The second solution is to make the mainframe available to non-mainframe specialists. This overcomes the argument that experienced mainframe staff are coming up to (or past) retirement age. You can use Microsoft Visual Studio Code (VSCode) on a mainframe, and Java. There’s Zowe, which lets non-mainframers treat mainframes like any other servers. Zowe makes CI/CD tools like Jenkins, Bamboo, and Urban Code available to developers, as well as tools like Ansible and SaltStack available on mainframes. There are applications from IBM such as z/OS Management Facility (z/OSMF), which provides system management functionality in a task-oriented, web browser-based UI with integrated user assistance. And there’s Z Open Automation Utilities (ZOAU), which provides a runtime to support the execution of automation tasks on z/OS through Java, Python, and shell commands.

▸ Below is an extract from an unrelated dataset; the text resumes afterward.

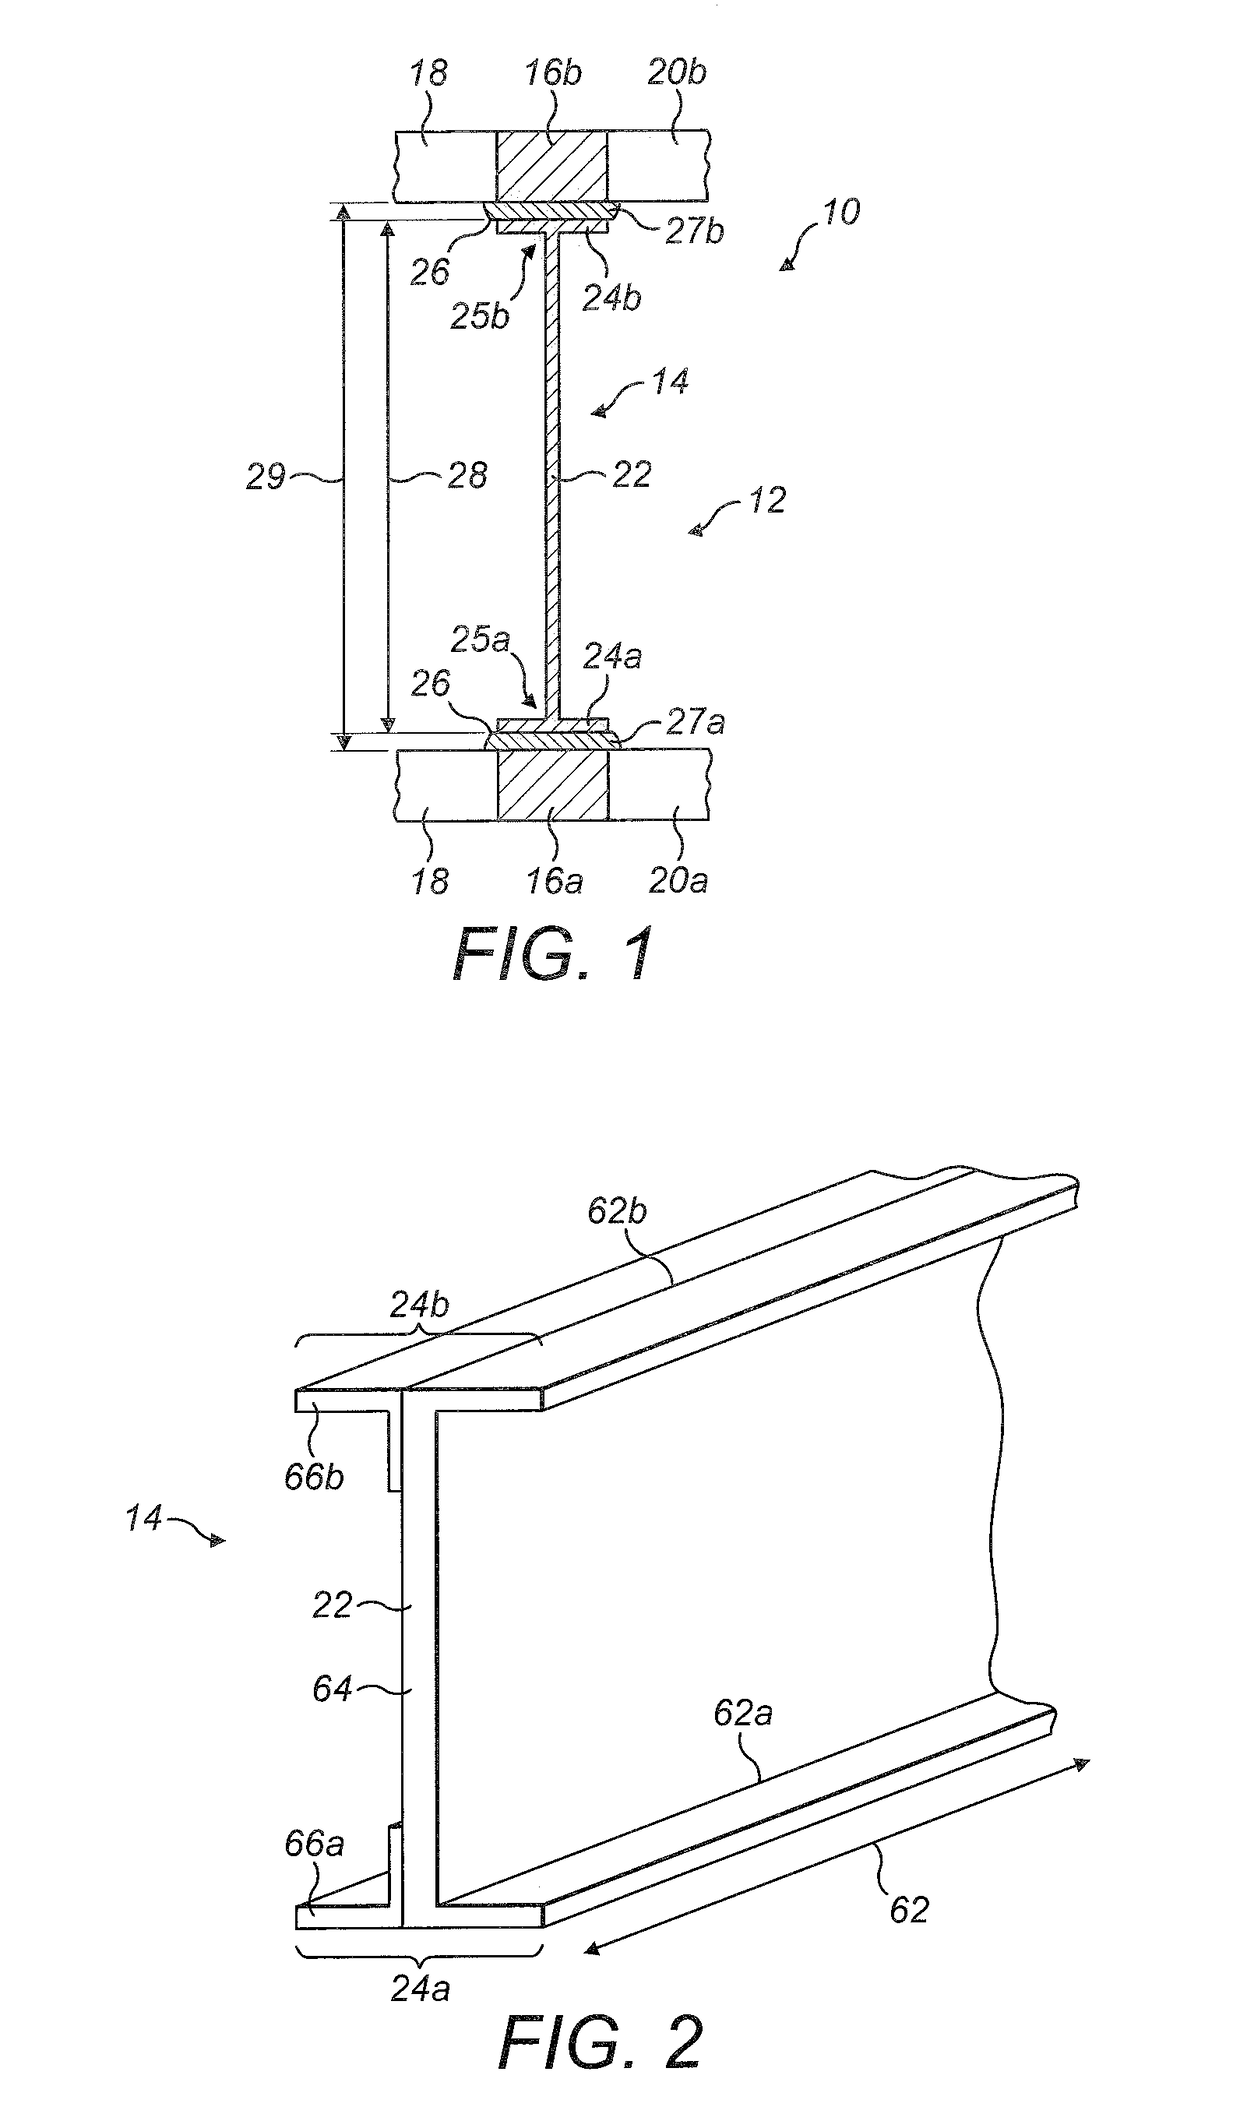 Reinforcing structure for a wind turbine blade

And, thirdly, large mainframe software companies are helping to train new people. Broadcom Mainframe Software Division has its Vitality Residency Program, which is a development programme to cultivate next-gen mainframe talent at low to no cost. Broadcom partners with organizations to attract, grow, and retain talent to help manage the mainframe in the hybrid data centre. Through Broadcom’s investment, a Vitality Resident gets trained on mainframe fundamentals and Broadcom products, plus they get experts mentoring. Next, they will partner on-site with a customer to learn their environment and unique business applications. Once their training is complete, they can start their career as a mainframer.

The mainframe isn’t dead – it’s not on life support. It’s a thriving computing platform that can utilize the strengths of other platforms to produce the most successful and secure hybrid environment for any organization.  Nor is it running out of qualified staff because plenty of steps are being taken to train new people and make the mainframe available to technically-competent non-mainframers. Reports of its death have been exaggerated.